◆ TASK DIRECTIONS
Repeat the listing exactly, line by line, and leave the pictures behind.

◆ RECORDED INFORMATION
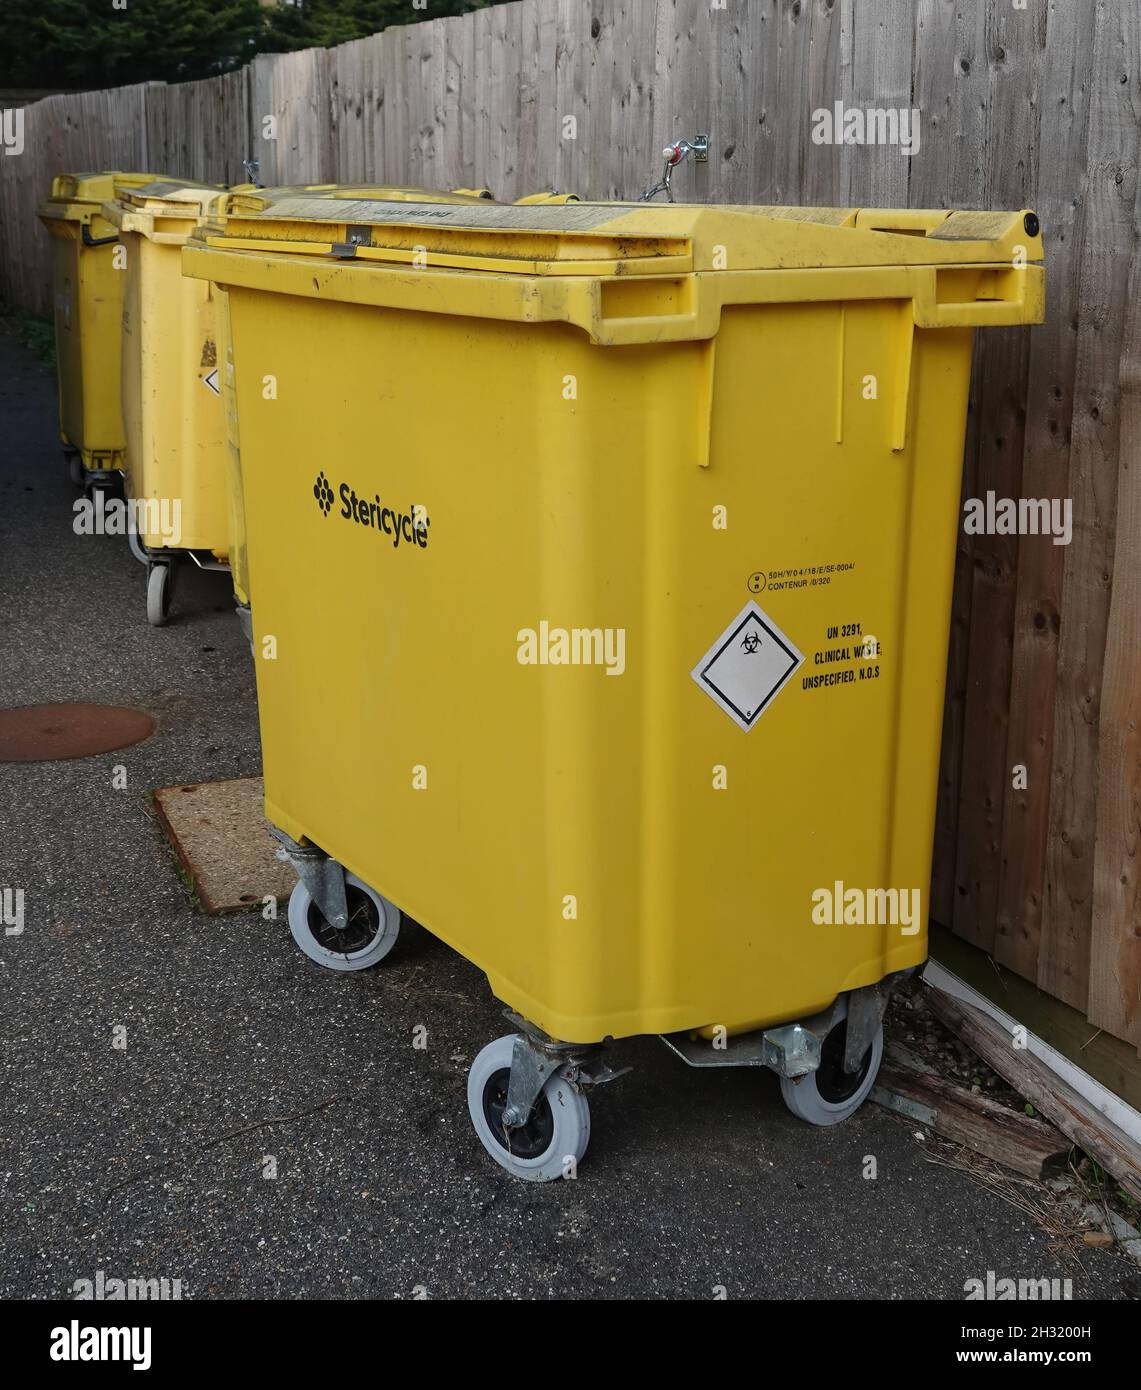 BILLERICAY, UNITED KINGDOM - Sep 29, 2021: A row of yellow medical waste disposal bins with Stericycle text outside St. Andrews Centre Stock Photo
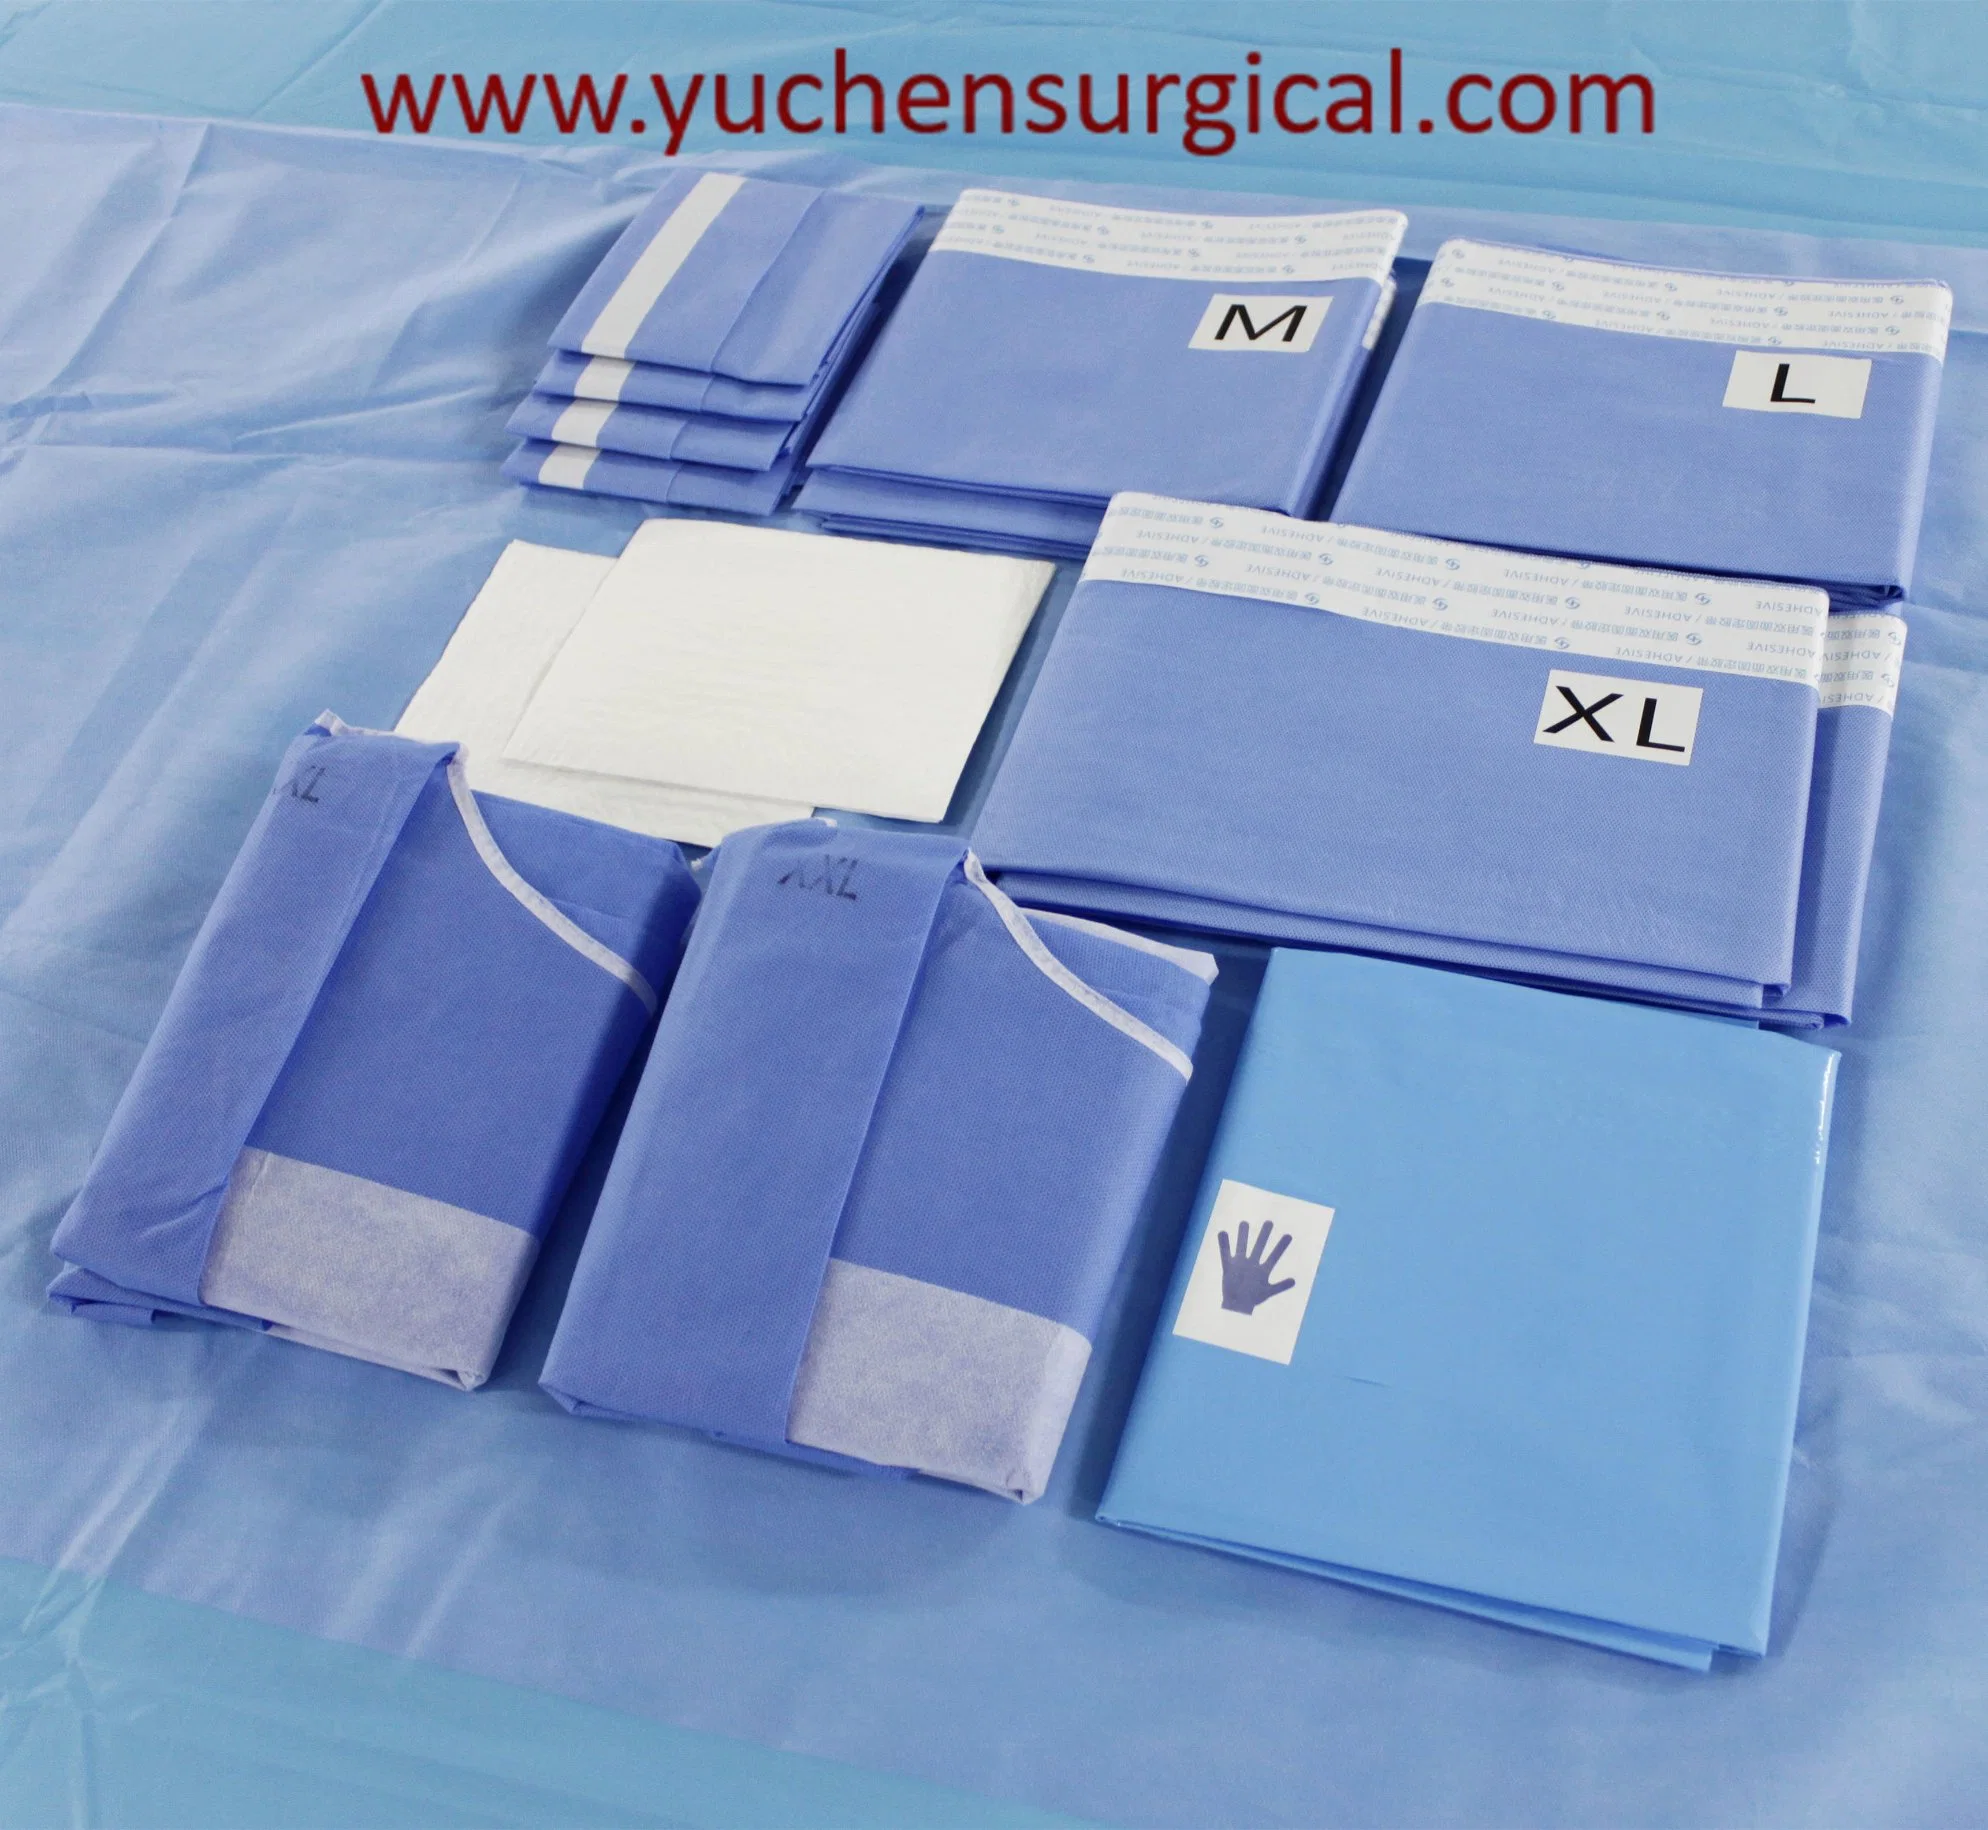 Disposable Sterile Surgical Universal Kits Drapes Pack for Hospital
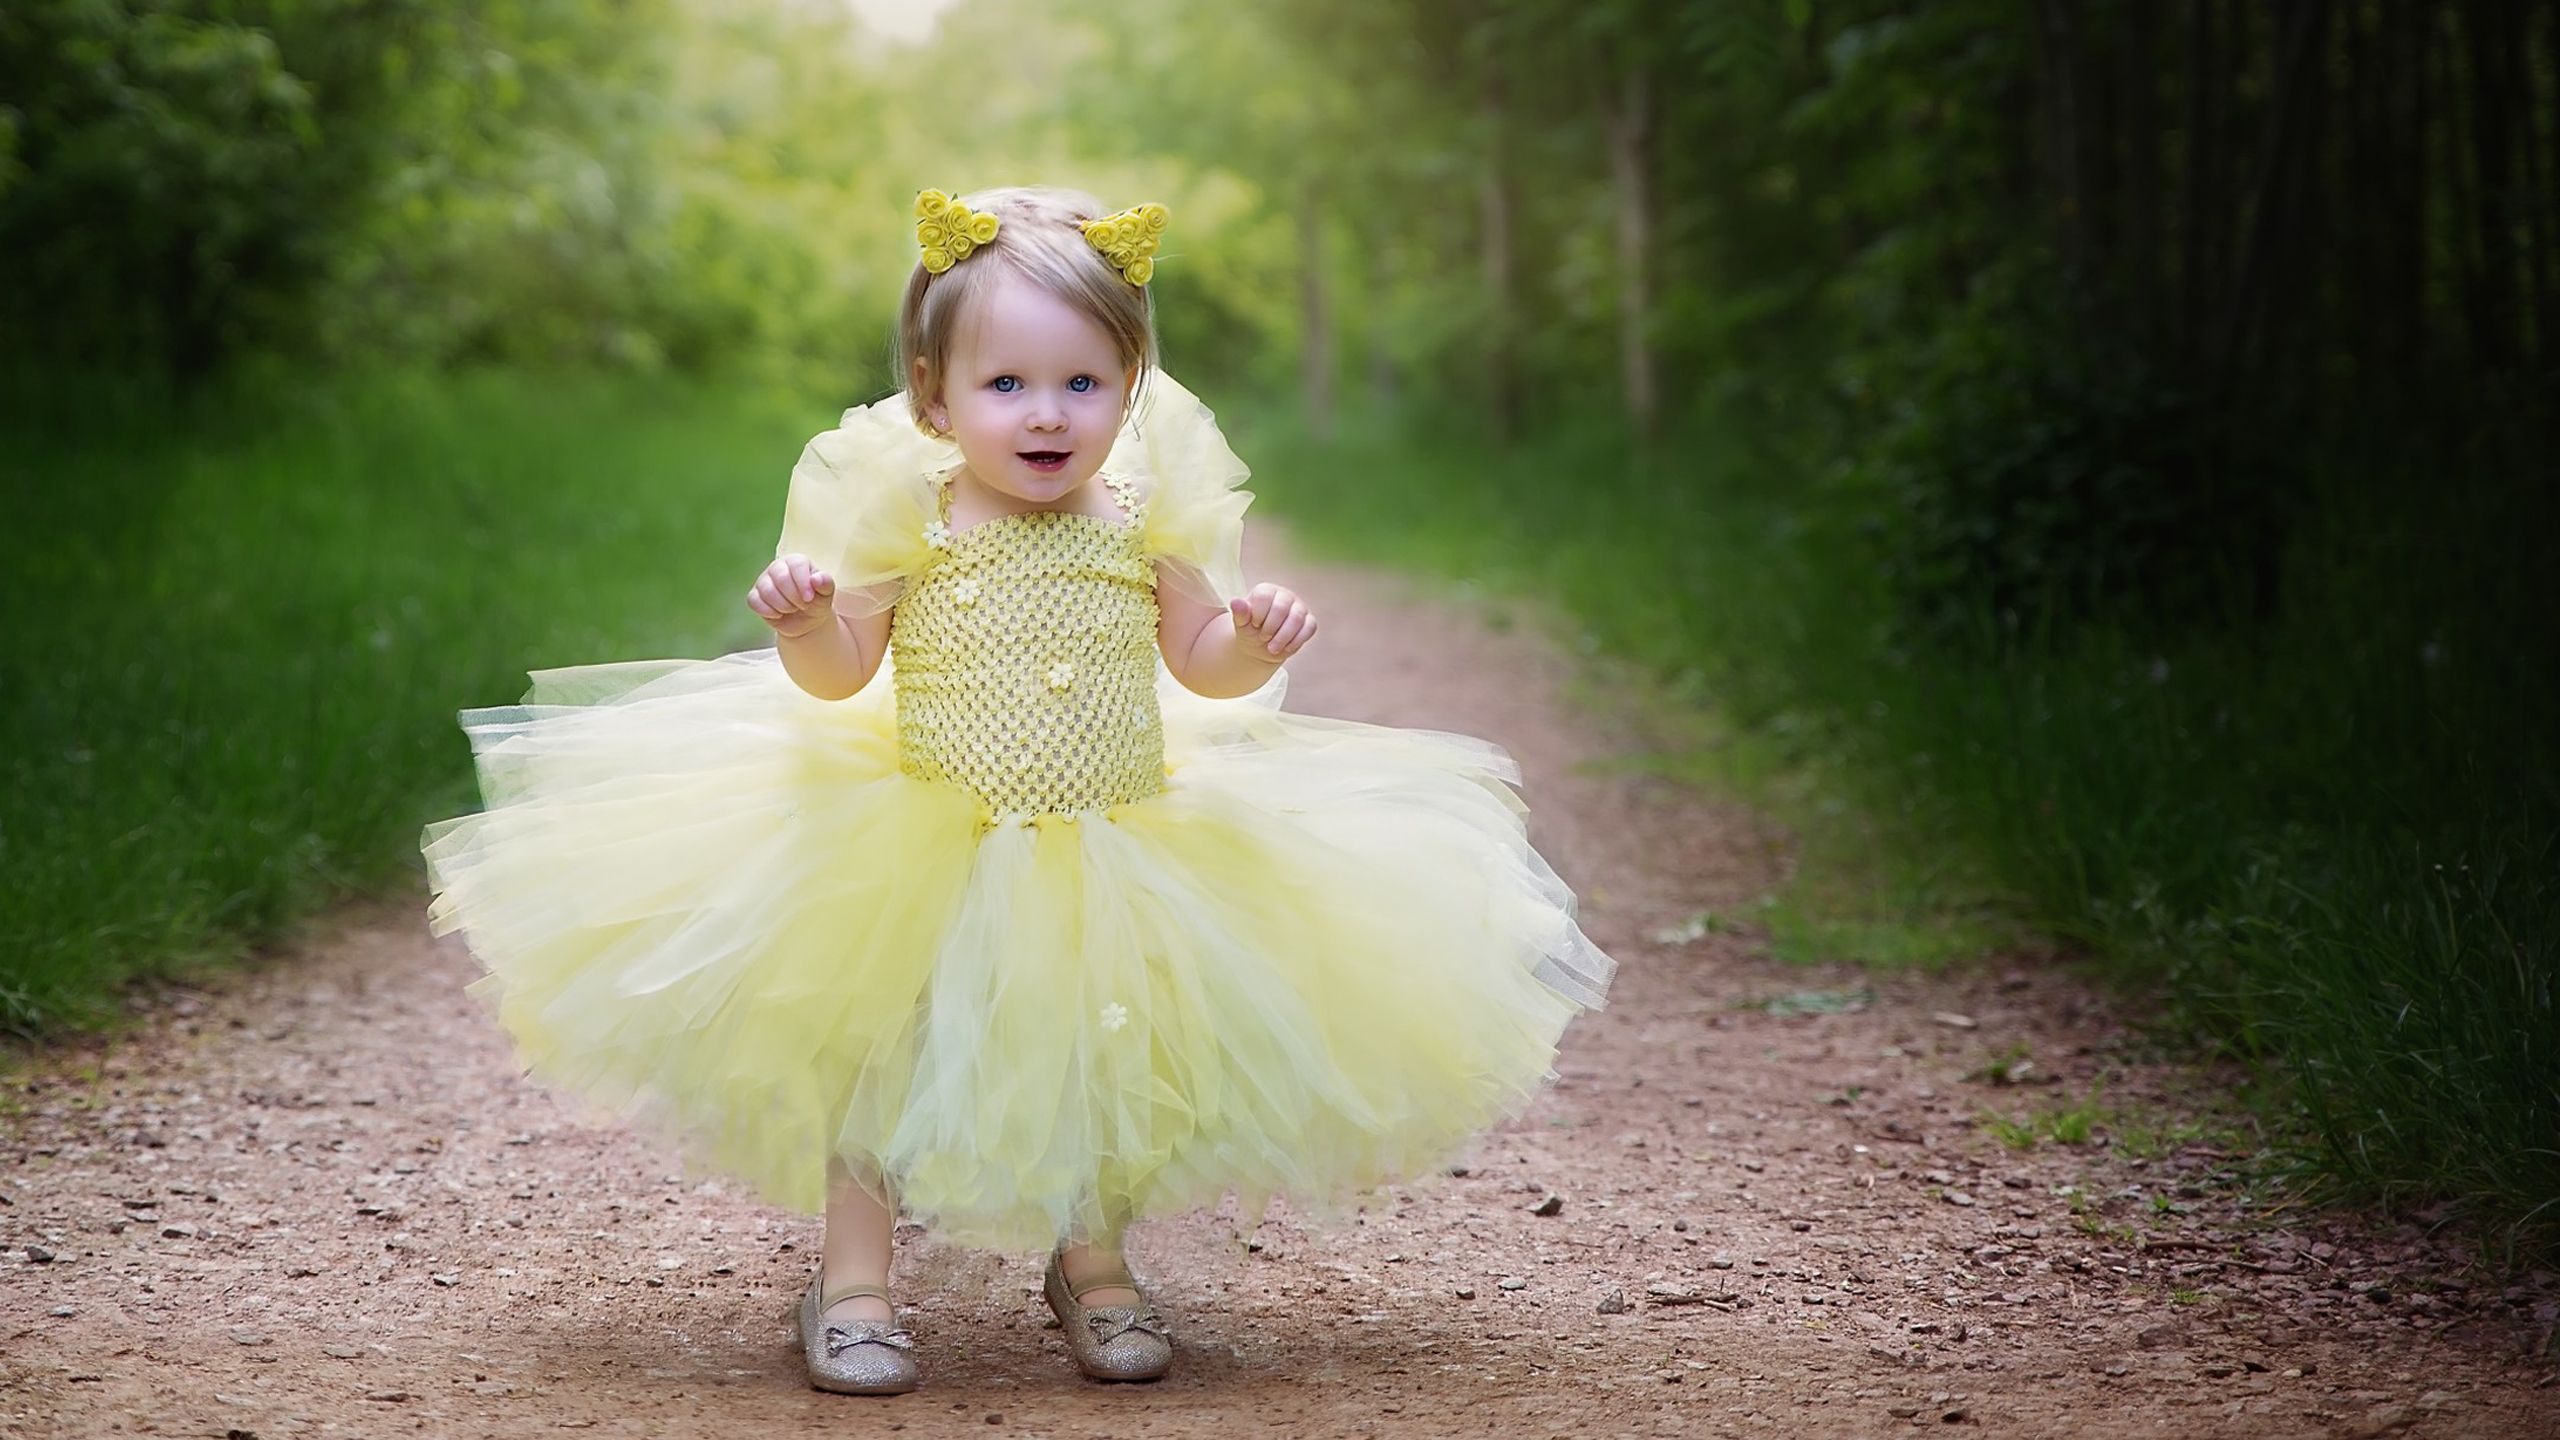 cute baby girl is wearing yellow dress standing on road in green trees background HD cute Wallpaper

◆ ANSWER SECTION
 BILLERICAY, UNITED KINGDOM - Sep 29, 2021: A row of yellow medical waste disposal bins with Stericycle text outside St. Andrews Centre Stock Photo
 Disposable Sterile Surgical Universal Kits Drapes Pack for Hospital
 cute baby girl is wearing yellow dress standing on road in green trees background HD cute Wallpaper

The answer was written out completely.